Start of Supplied information

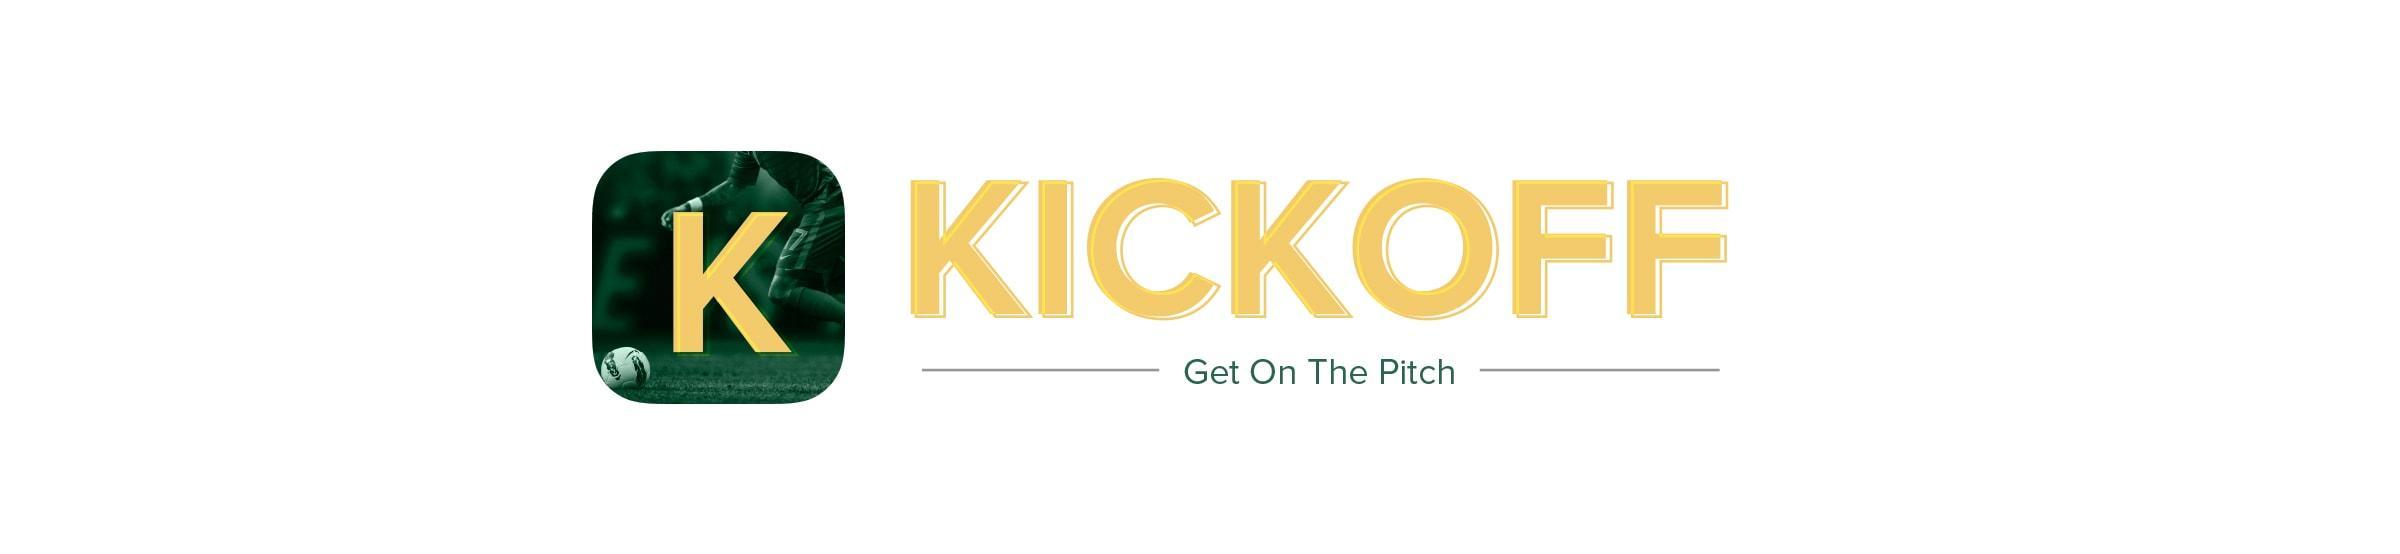 Kickoff-logo-icon-min
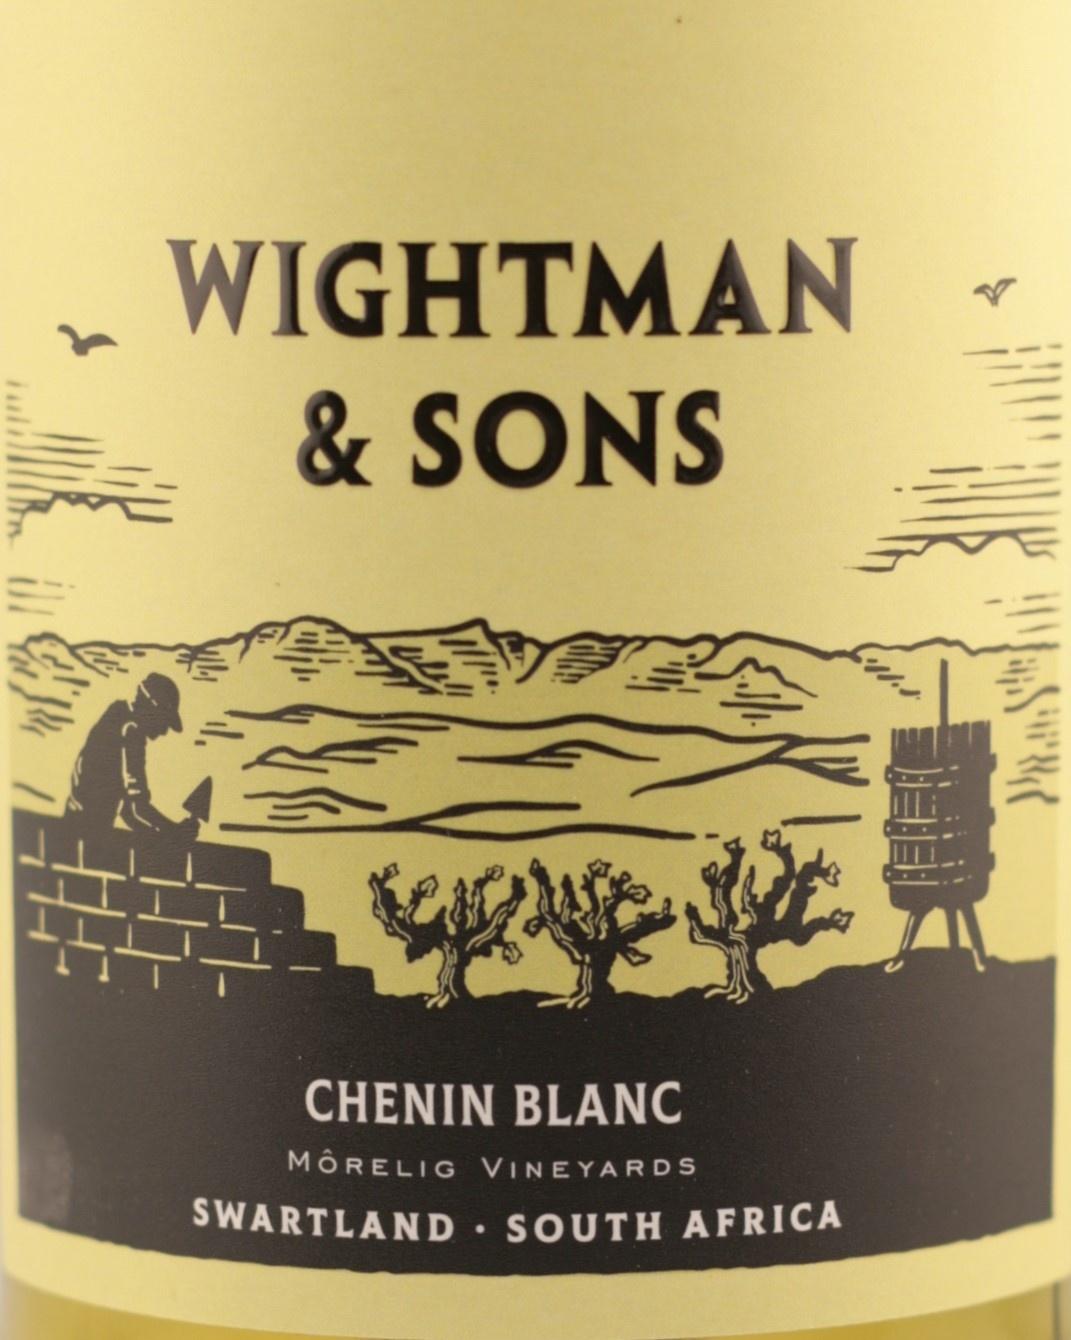 Chenin Blanc | Wightman & Sons | 2018 |  Morelig Vineyards | Swartland- Zuid Afrika |Chenin Blanc
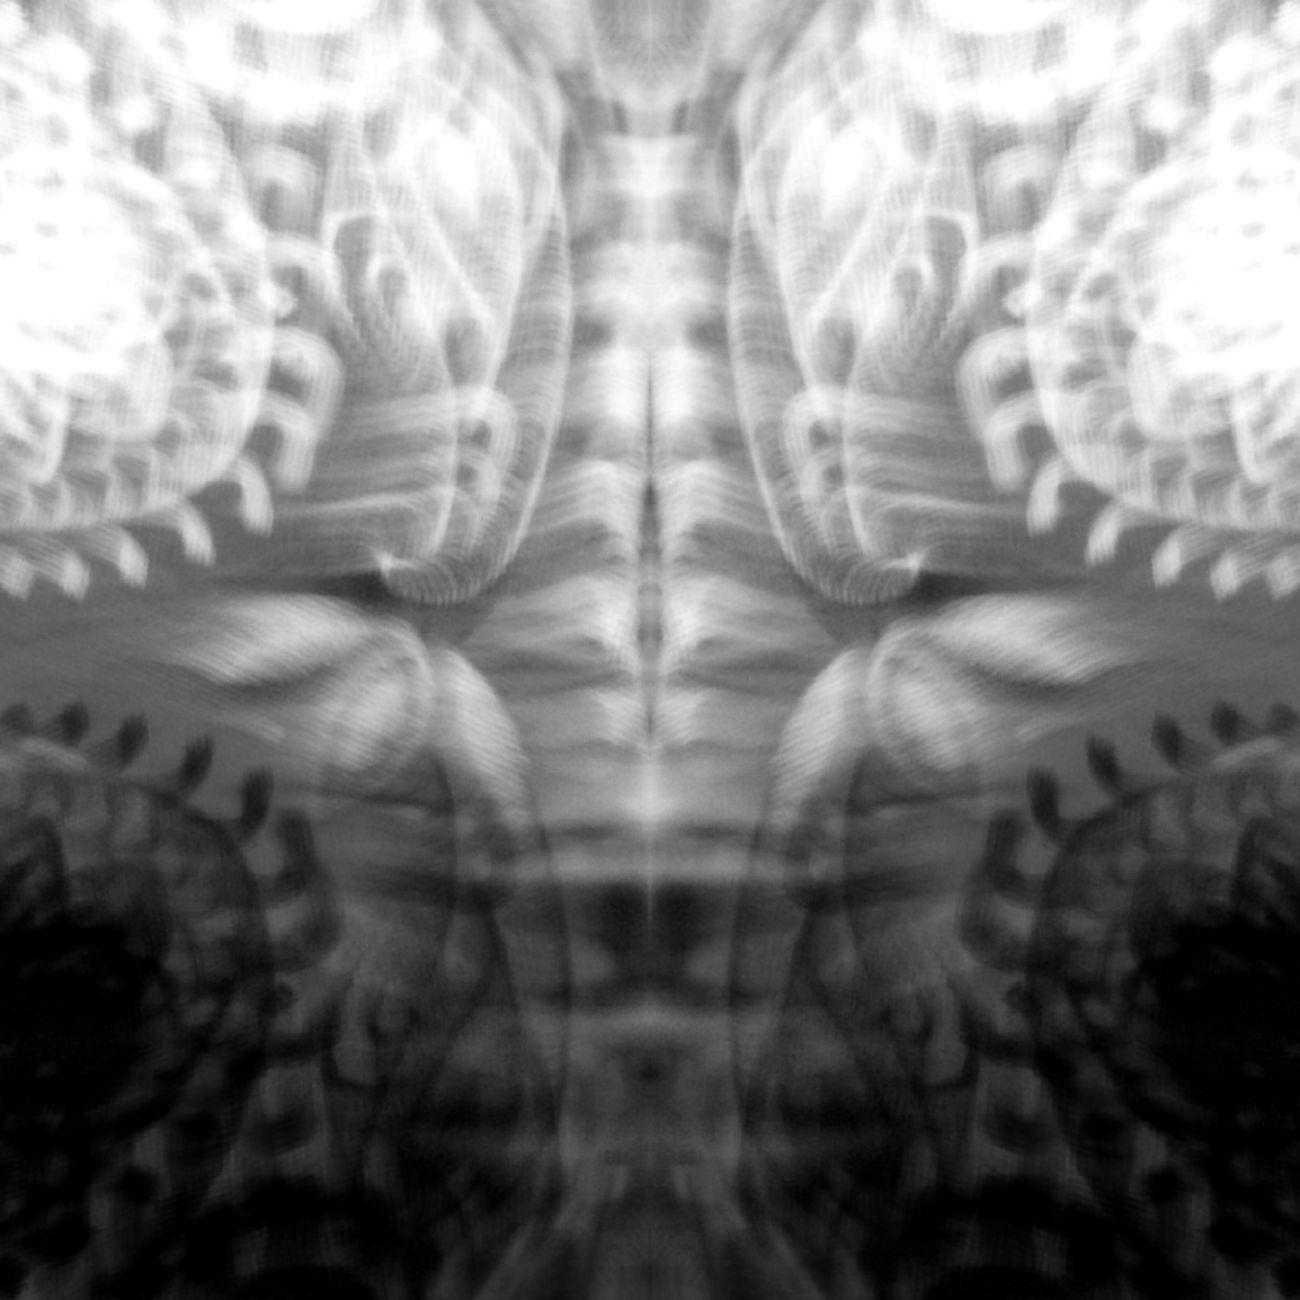 Trust_the_process Abstract Blackandwhite Monochrome

End of Supplied information

* Problem:
Return the material exactly as given, apart from the pictures.

* Response to the task:
 Kickoff-logo-icon-min
 Chenin Blanc | Wightman & Sons | 2018 |  Morelig Vineyards | Swartland- Zuid Afrika |Chenin Blanc
 Trust_the_process Abstract Blackandwhite Monochrome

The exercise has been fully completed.